> Problem requirements: Set down, word for word, the line with "2 burnt trees." and the lines after it through the final line of the data below, without pictures.

--- Provided material Enclosed Below ---

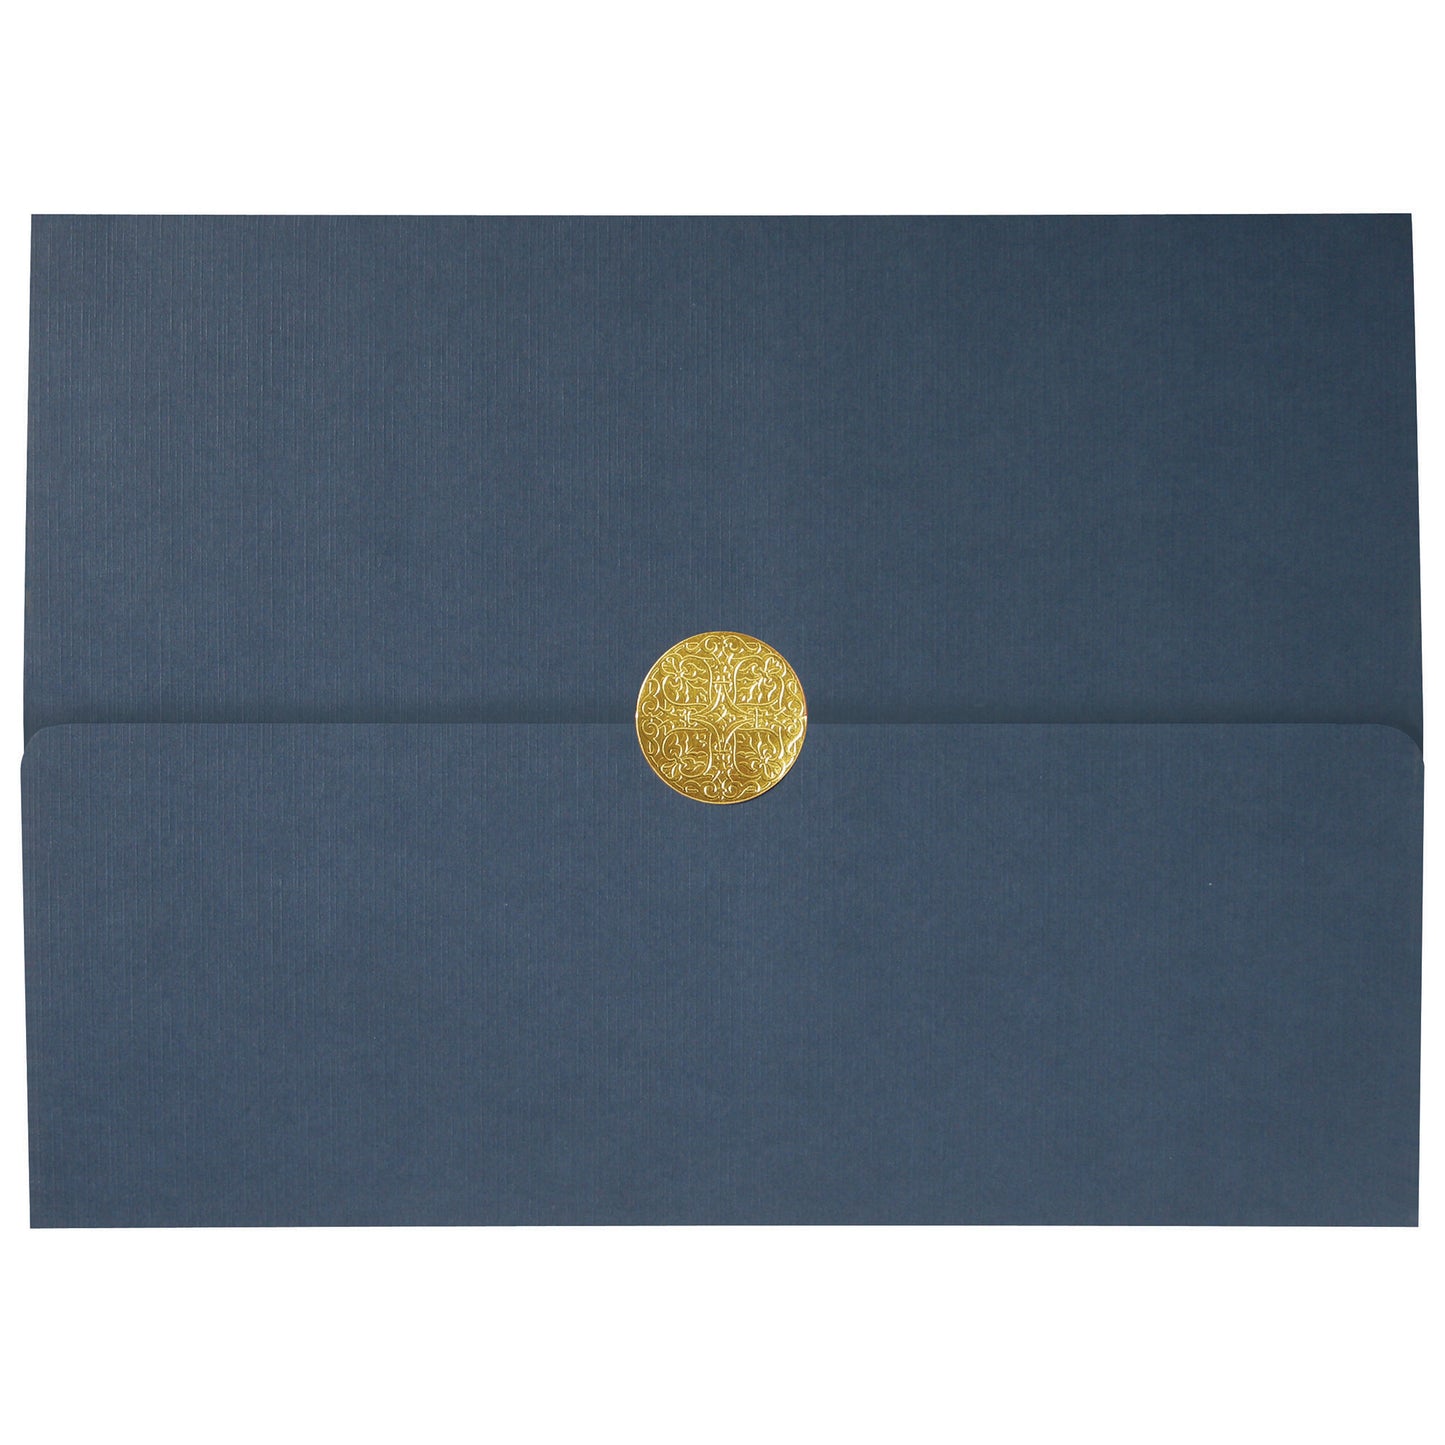 St. James® Elite™ Medallion Fold Certificate Holders, Navy Blue Linen with Gold Medallion, Pack of 5
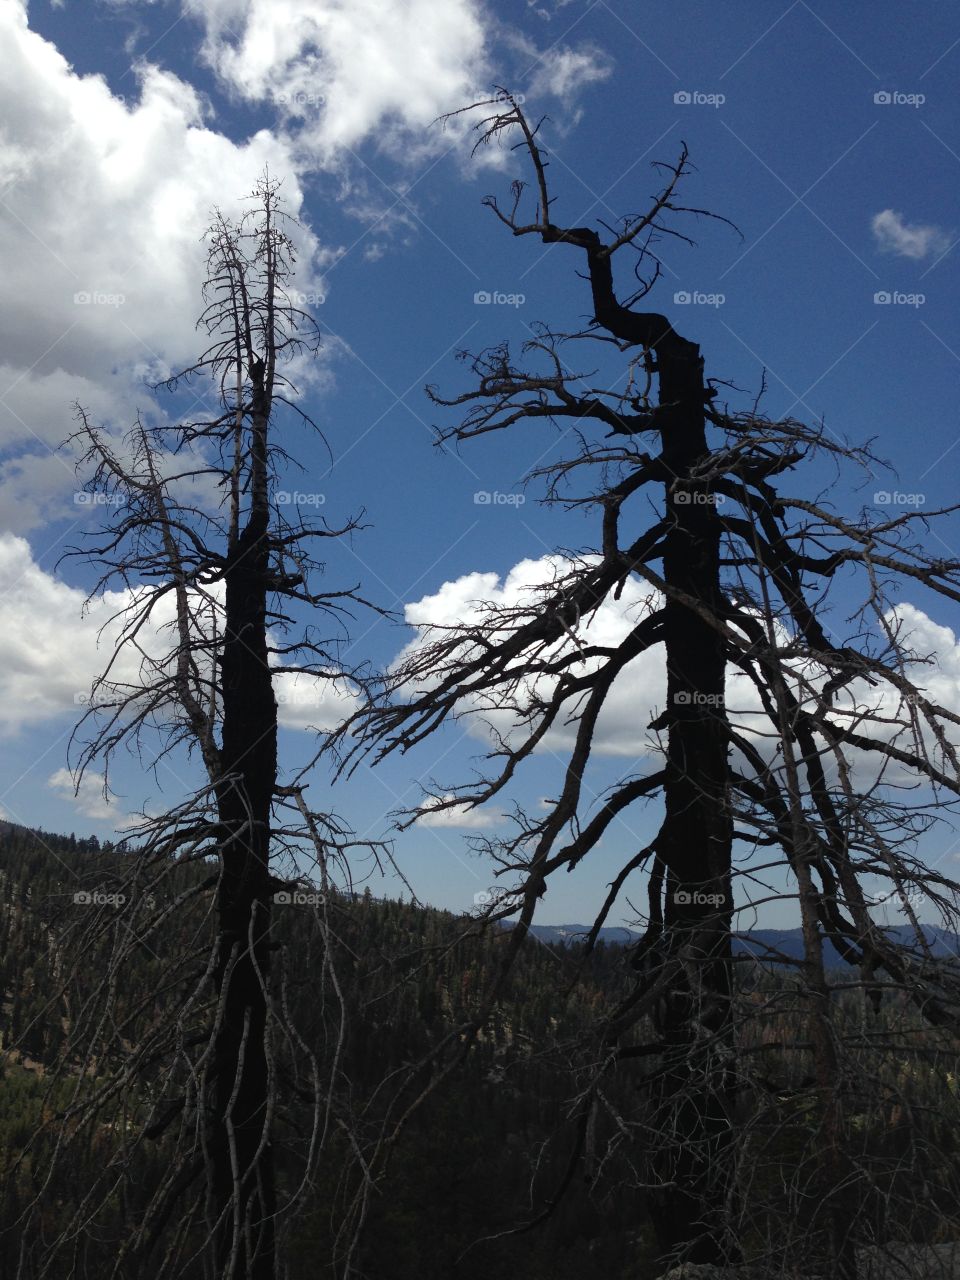 2 burnt trees. 2 trees struck by lightning, Sequoia National Park 
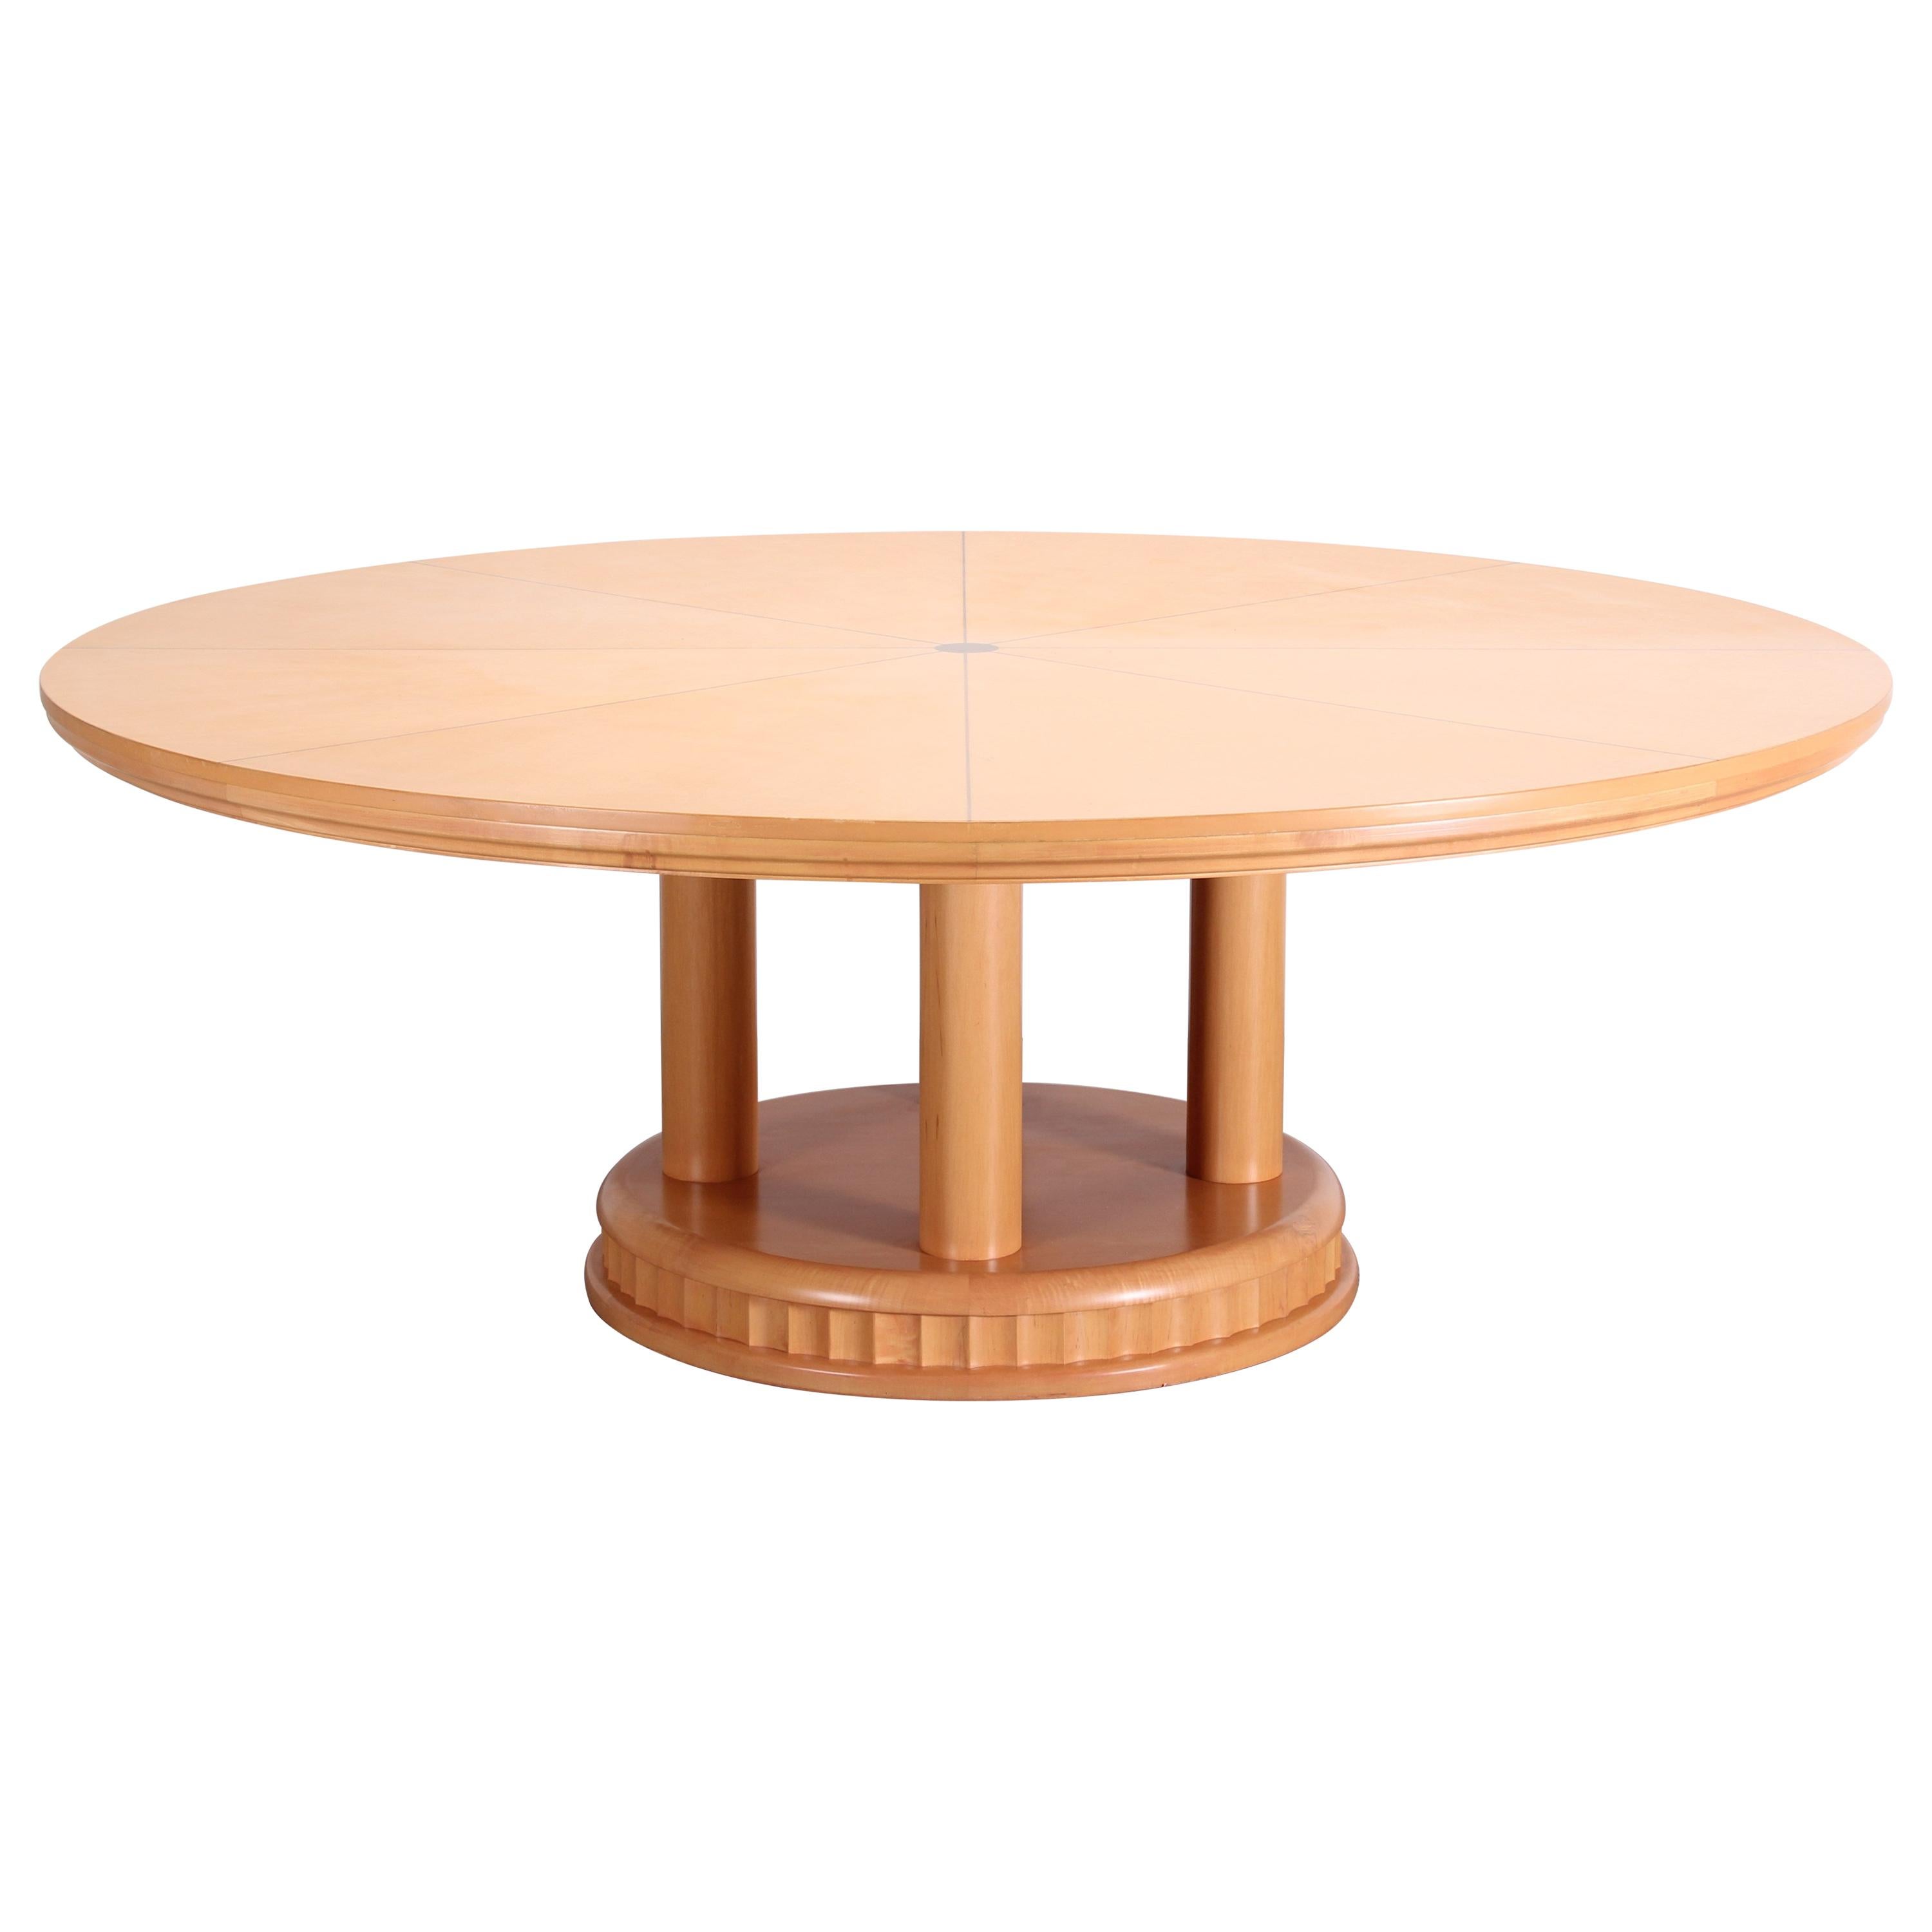 Custom Biedermeier Dining Table By Continental Furniture Company

--- End of Enclosed Provided material ---

> Answer space:
 2 burnt trees. 2 trees struck by lightning, Sequoia National Park 
 Custom Biedermeier Dining Table By Continental Furniture Company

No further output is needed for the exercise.